|IBBA, MARIA ITRIA - WASHINGTON STATE UNIVERSITY|
|ZHANG, M - NORTH DAKOTA STATE UNIVERSITY|
|CAI, X - NORTH DAKOTA STATE UNIVERSITY|
Submitted to: Euphytica
Publication Type: Peer Reviewed Journal
Publication Acceptance Date: 10/24/2019
Publication Date: 11/15/2019
Citation: Ibba, M., Zhang, M., Cai, X., Morris, C.F. 2019. Identification of a conserved ph1b-mediated 5DS–5BS crossing over site in soft-kernel durum wheat (Triticum turgidum subsp. durum) lines. Euphytica. 215:200 (2019). https://doi.org/10.1007/s10681-019-2518-y.
Interpretive Summary: Wheat is a leading cereal and is responsible for a large share of the nutrition and calories for humans globally. As a largely self-pollinating, inbreeding genus, wheat improvement is highly dependent on homologous recombination; consequently, a better understanding of CO formation could enhance the effectiveness of wheat breeding and advance our understanding of wheat genetics. The present study provides greater resolution of the recombination breakpoint interval of the 5DS-5BS translocation present in Langdon 1-674 and its derived soft-kernel durum lines as an example of ph1b-mediated chiasmata formation and crossing over and examines the translocation breakpoint of additional independent homoeologous recombination events among sister lines arising from the original cross. In addition, it further investigates the genomic arrangement and kernel structural morphology of soft-textured durum lines with varying SKCS HI values in order to identify possible chromosome rearrangements or endosperm characteristics as the basis of the observed phenotypic variation. In the present study, 19 genotypes were analyzed including the hard texture durum varieties Svevo, Alzada, Havasu, Kyle, Strongfield, Creso, and Langdon, and 12 soft textured durum wheat lines derived from four different soft-textured Langdon 5DS–5BS translocation lines. Analysis of four independent 5DS-5BS soft durum translocation lines identified a conserved recombination site located within a predicted gene and limited to a 39 bp conserved region. A KASP marker was developed to accurately and rapidly identify the 5DS-5BS translocation associated with the soft kernel trait. Finally, soft durum lines with varying kernel hardness values were analyzed through GISH and SEM revealing that neither additional D-genome translocations nor obvious endosperm morphology differences are likely responsible for the observed variation in kernel texture. To the best of our knowledge, this is the first study in wheat to describe a translocation breakpoint at the DNA sequence level. Results of this study improve the overall understanding of CO formation in wheat, but also shed greater light on the morphology of soft durum endosperm and on factors affecting variation in kernel hardness observed in this “novel” durum wheat type.

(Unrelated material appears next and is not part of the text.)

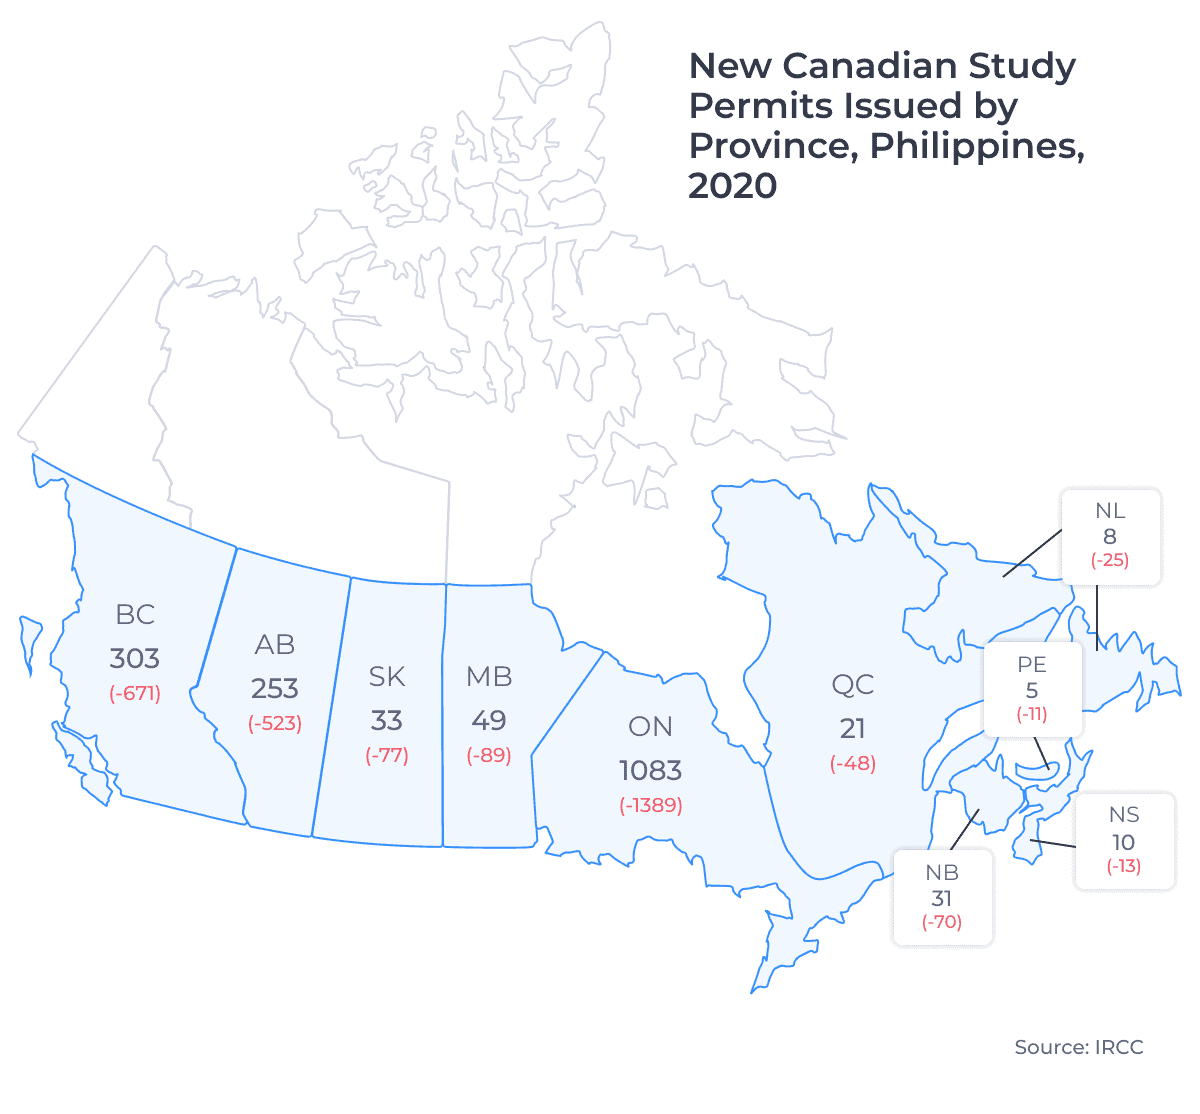 New Canadian Study Permits Issued to Filipino Students by Province, 2020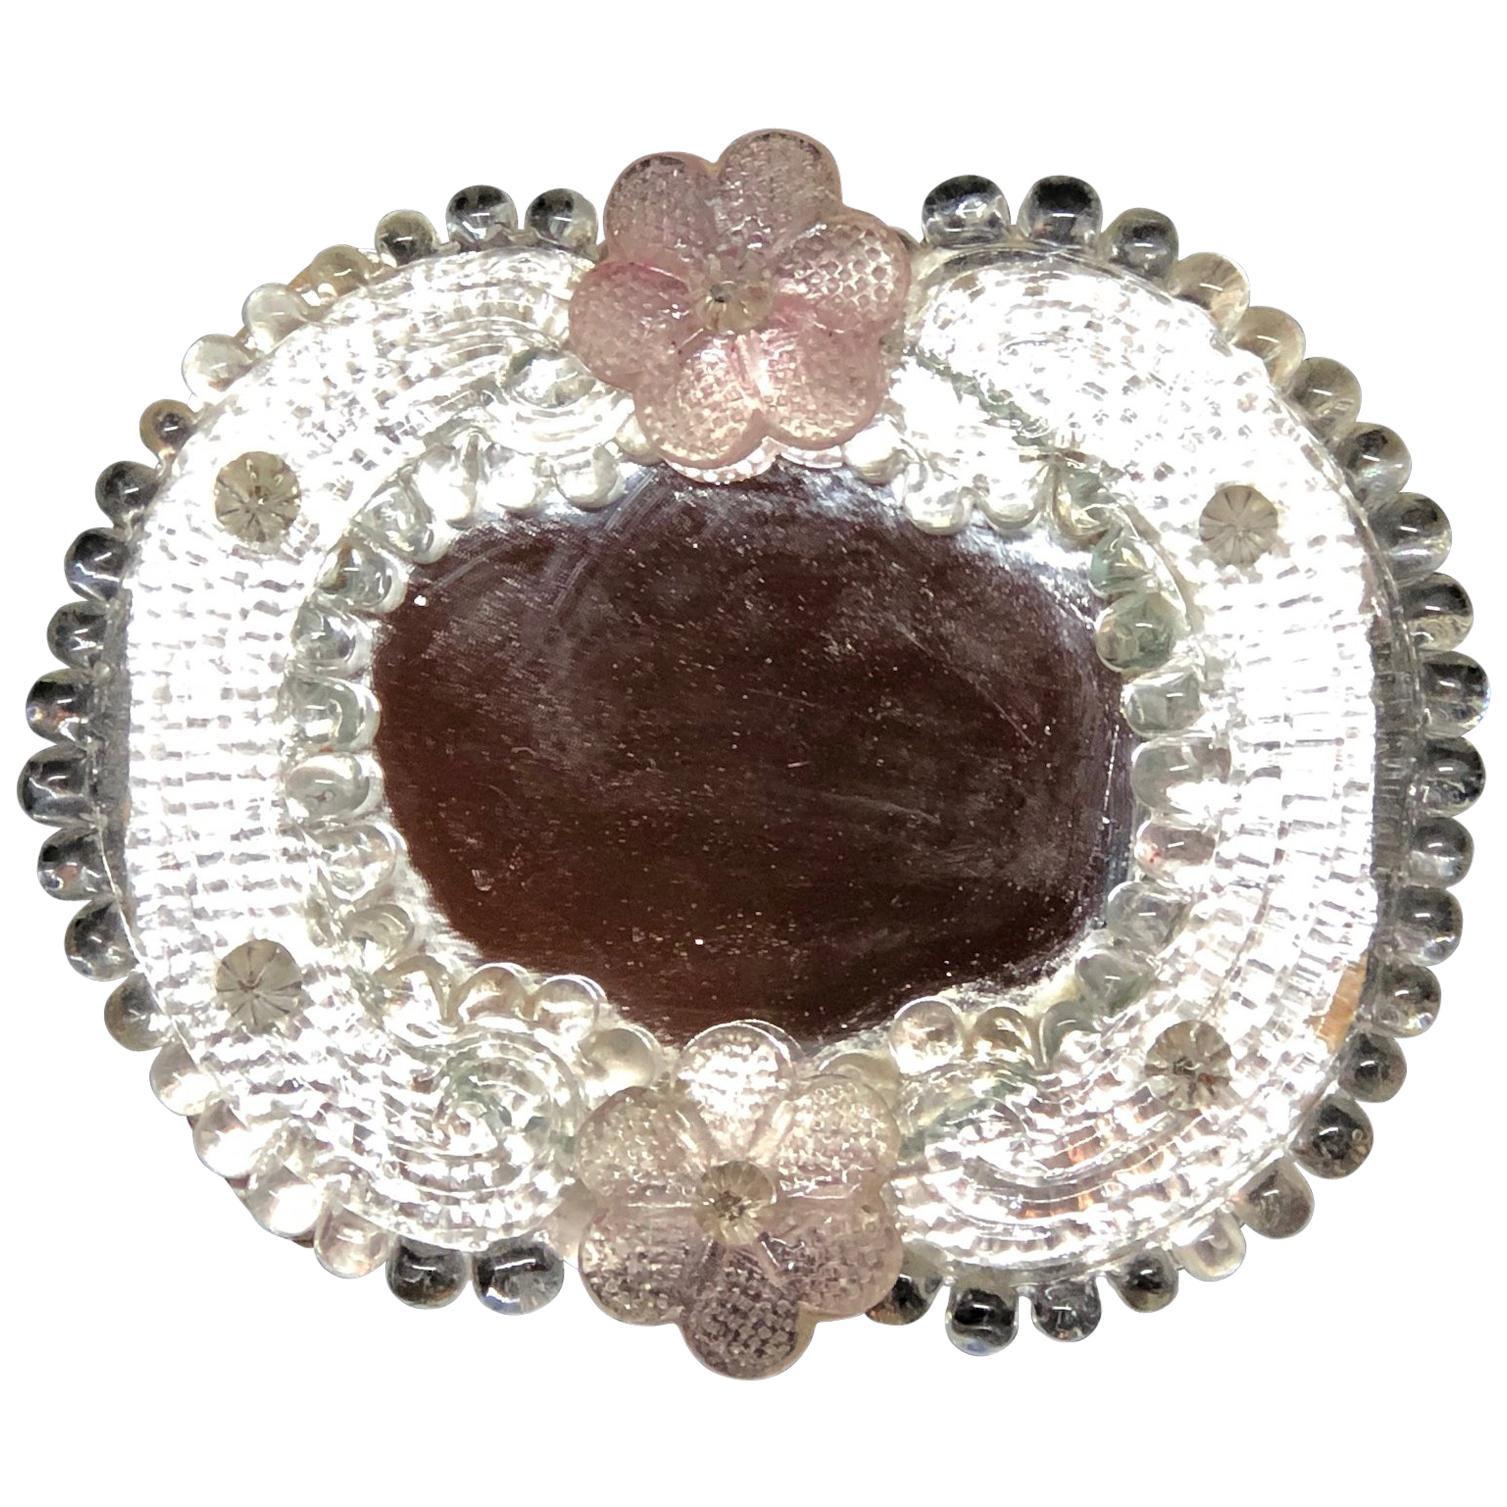 A gorgeous petite Murano glass vanity mirror surrounded with handmade light pink flowers. Can be used as a wall mirror. With minor signs of wear as expected with age and use. A nice addition to any girls or ladies room.

Technical Abstract: Genetic recombination is the major mechanism and basis of genetic diversity and crop improvement. Recombination typically occurs between homologous chromosomes. In wheat, however, it can also occur between homoeologous chromosomes if a functional Ph1 (Pairing homeologous-1) locus is absent (ph1b). Recently, the genes for soft kernel trait on the distal 5DS chromosome of common wheat were transferred into chromosome 5BS of durum wheat through ph1b-mediated recombination. Several independend 5DS-5BS recombination lines carrying the 5DS translocation were obtained. However, the specific size of the translocation and region where the translocation breakpoint occurred was not determined for any of the lines. In the present study, four independent 5DS-5BS recombination lines were investigated and the translocation breakpoints were fine-mapped and sequenced. All the analyzed lines lost a 5BS fragment of ~20,742,245 bp and gained a 5DS fragment of ~28,163,252 bp. The recombination breakpoint in each line was located within a predicted gene in a conserved 39 bp region, suggesting the presence of a recombination hotspot. The information obtained was then used to develop a KASP marker diagnostic for the 5DS-5BS translocation. Finally, a subset of the soft durum wheat lines exhibiting varying degrees of kernel hardness was analyzed through genomic in situ hybridization (GISH) and scanning electron microscopy (SEM). From both the GISH and SEM analyses no major differences were detected among the lines, indicating that factors other than ph1b-mediated recombination or endosperm morphology were responsible for the variation in kernel hardness.